Factors Associated With Worse COVID-19 Outcomes Among Patients With PsA, axSpA

Severe COVID-19 outcomes in patients with psoriasis (PsO), psoriatic arthritis (PsA), and axial spondyloarthritis (axSpA) were found to be associated with older age, male sex, greater comorbidity burden, higher disease activity, and glucocorticoid use, according to the results of an international study published in Annals of the Rheumatic Diseases.

Researchers collected information regarding patient demographics, clinical characteristics, and COVID-19 severity from 2 international registries, ie, COVID-19 Global Rheumatology Alliance and Psoriasis Patient Registry for Outcomes, Therapy and Epidemiology of COVID-19 Infection.

The primary outcome of the study was COVID-19 severity. The severity scale included 3 categories: no hospitalization or death; hospitalization, but no death; death.

Study participants (N=5045; mean age, 50 years; 51.7% men) included 2295 with PsA (45.5%), 831 with axSpA (36.3%), and 921 with PsO (18.3%).

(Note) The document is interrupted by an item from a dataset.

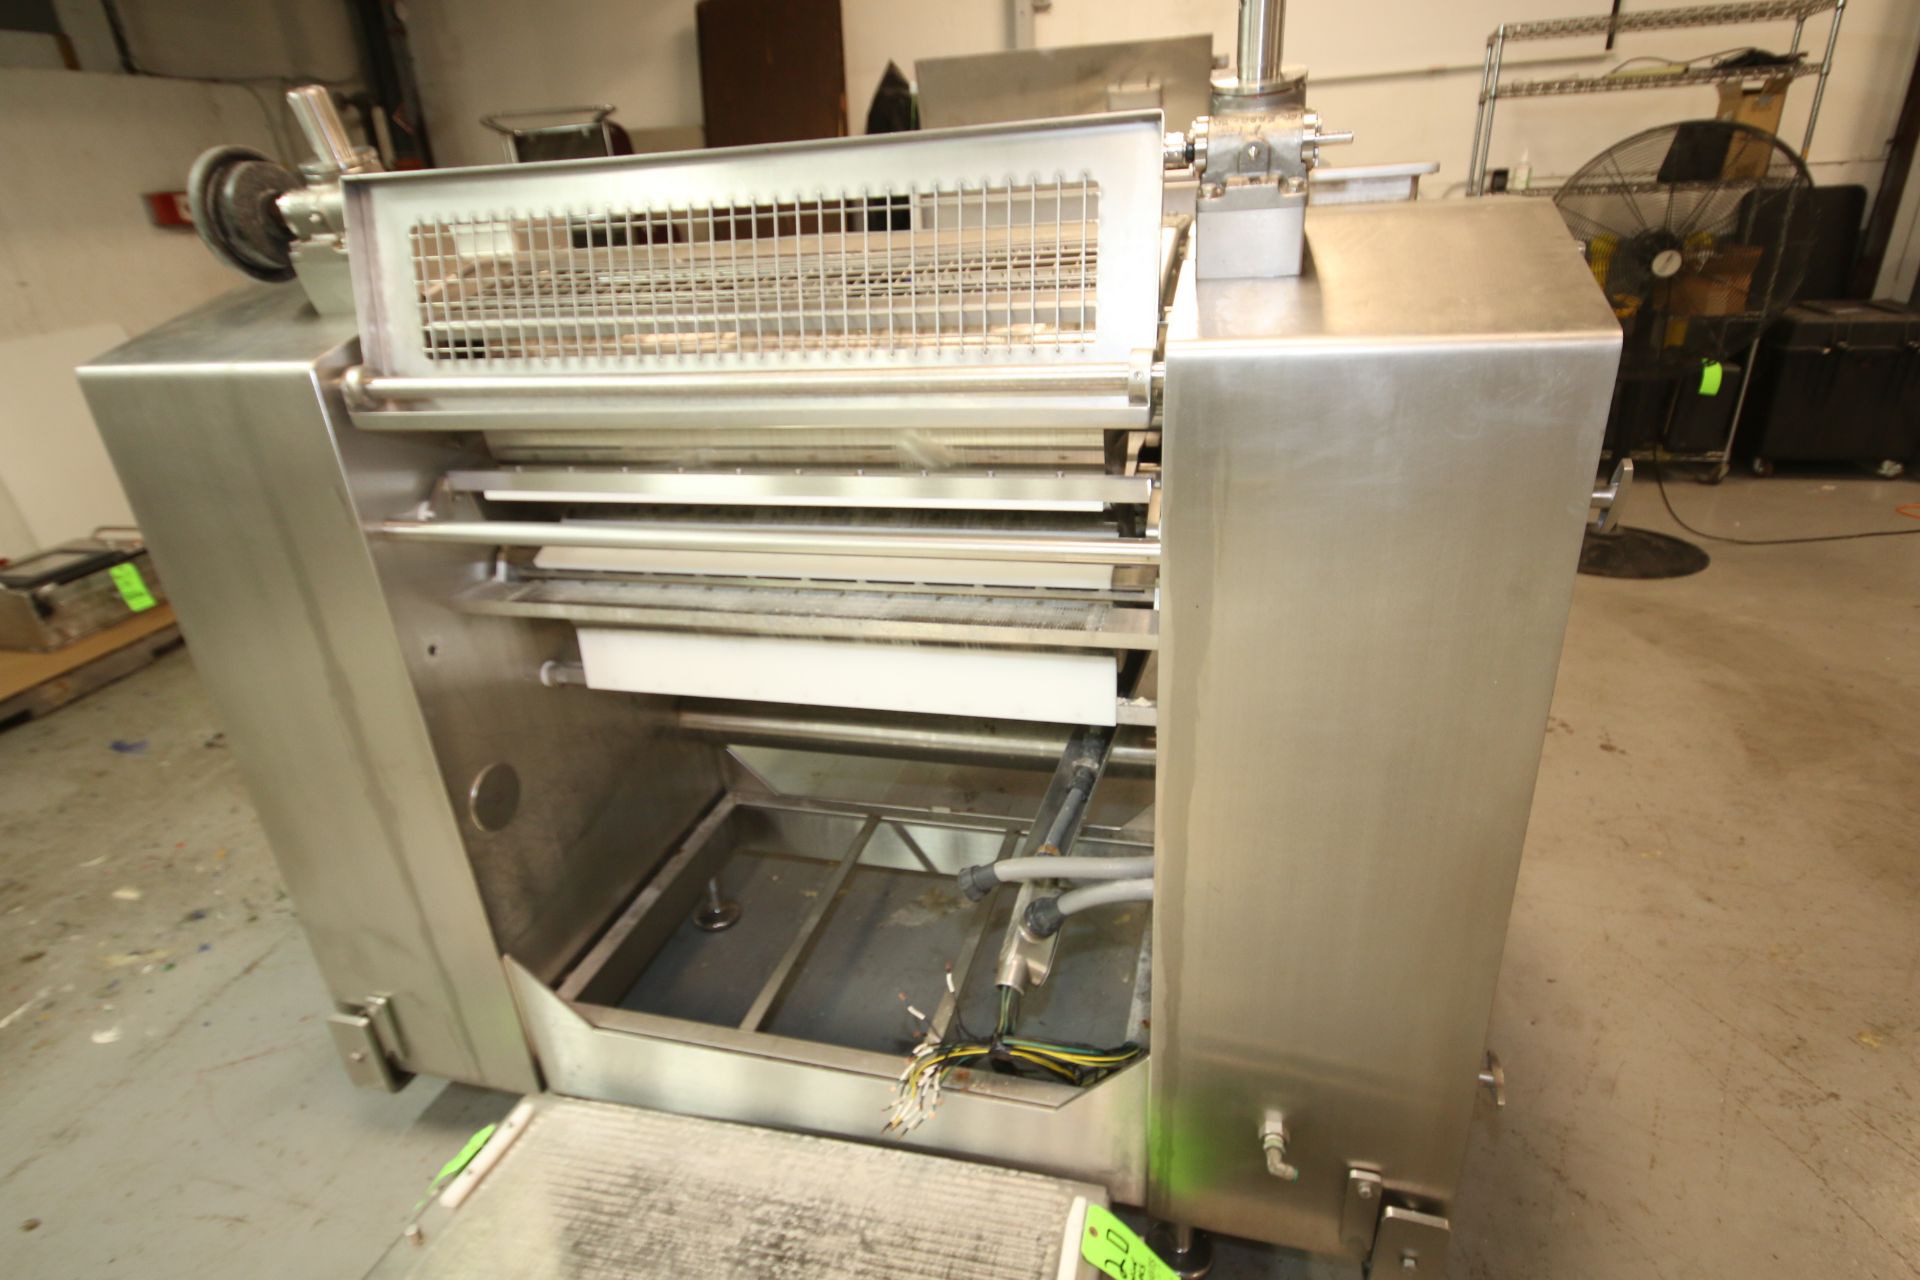 Moline 32" W 2 - Pin Vertical S/S Dough Sheeter, Model 10-32VR, SN 05-J 219172, with Adjustable - Image 3 of 19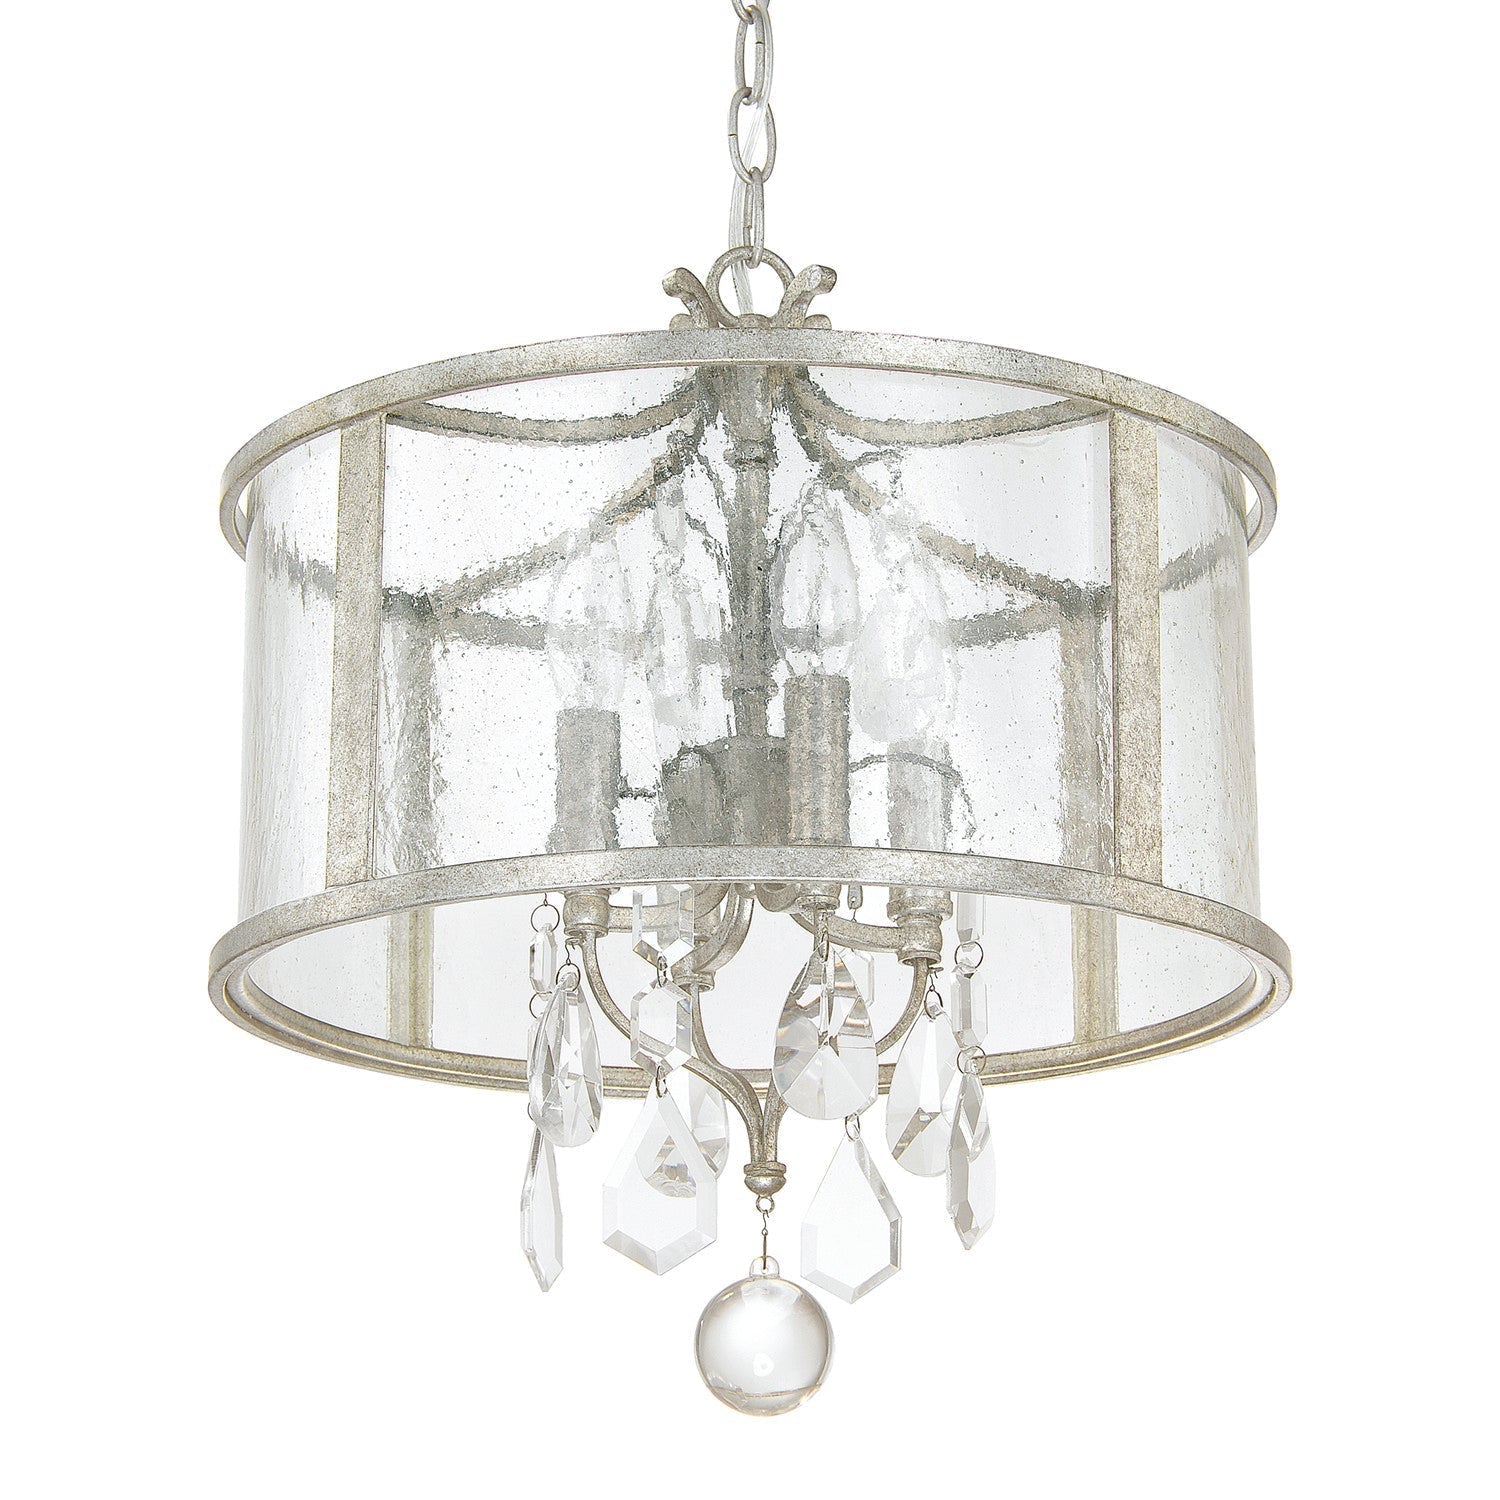 Capital Blakely 9484AS-CR Pendant Light - Antique Silver

The majority of patients (82.7%) had disease that was in remission or minimal or low disease activity. A total of 52.9% did not have major comorbidities; the most commonly reported comorbidities were hypertension and obesity (26.5% and 21.1%, respectively). Biologic disease-modifying antirheumatic drug (bDMARD) use was reported in 65.7% and conventional synthetic DMARD (csDMARD) in 30.3% of patients, most commonly methotrexate (23.4%). Nonsteroidal anti-inflammatory drug (NSAID) use was reported in 24% and baseline glucocorticoids in 7.3% of patients.

Of the total cohort, 4220 (83.6%) were not hospitalized and survived; 736 (14.6%) were hospitalized but survived; and 89 (1.8%) died.

Age was associated with COVID-19 severity nonlinearly – the association of age with severe COVID-19 outcomes was more pronounced in older age groups. Cardiometabolic, pulmonary, renal, metabolic, and cancer comorbidities were associated with worse outcomes (odds ratios [ORs], 1.25-2.89). In addition, moderate or high disease activity vs remission or low disease activity, as well as use vs nonuse of glucocorticoids, was associated with increased risk for severe COVID-19 (ORs, 1.39-2.23).

Later in the pandemic (after June 15, 2020), PsO, baseline exposure to tumor necrosis factor inhibitors (TNFi) and interleukin (IL)-17 and IL-12+23 inhibitors were associated with lower risk for severe COVID-19.

The study authors cautioned that reported associations should not be interpreted causally because of the possibility of selection bias and unmeasured confounding. Other study limitations included a possible bias toward those with more severe COVID-19 and those receiving DMARD therapy.

The study authors concluded, “Our findings will help clinicians, scientific societies and policy makers world-wide develop tailored management strategies for patients with PsO, PsA and axSpA during COVID-19 waves or similar future respiratory pandemics.”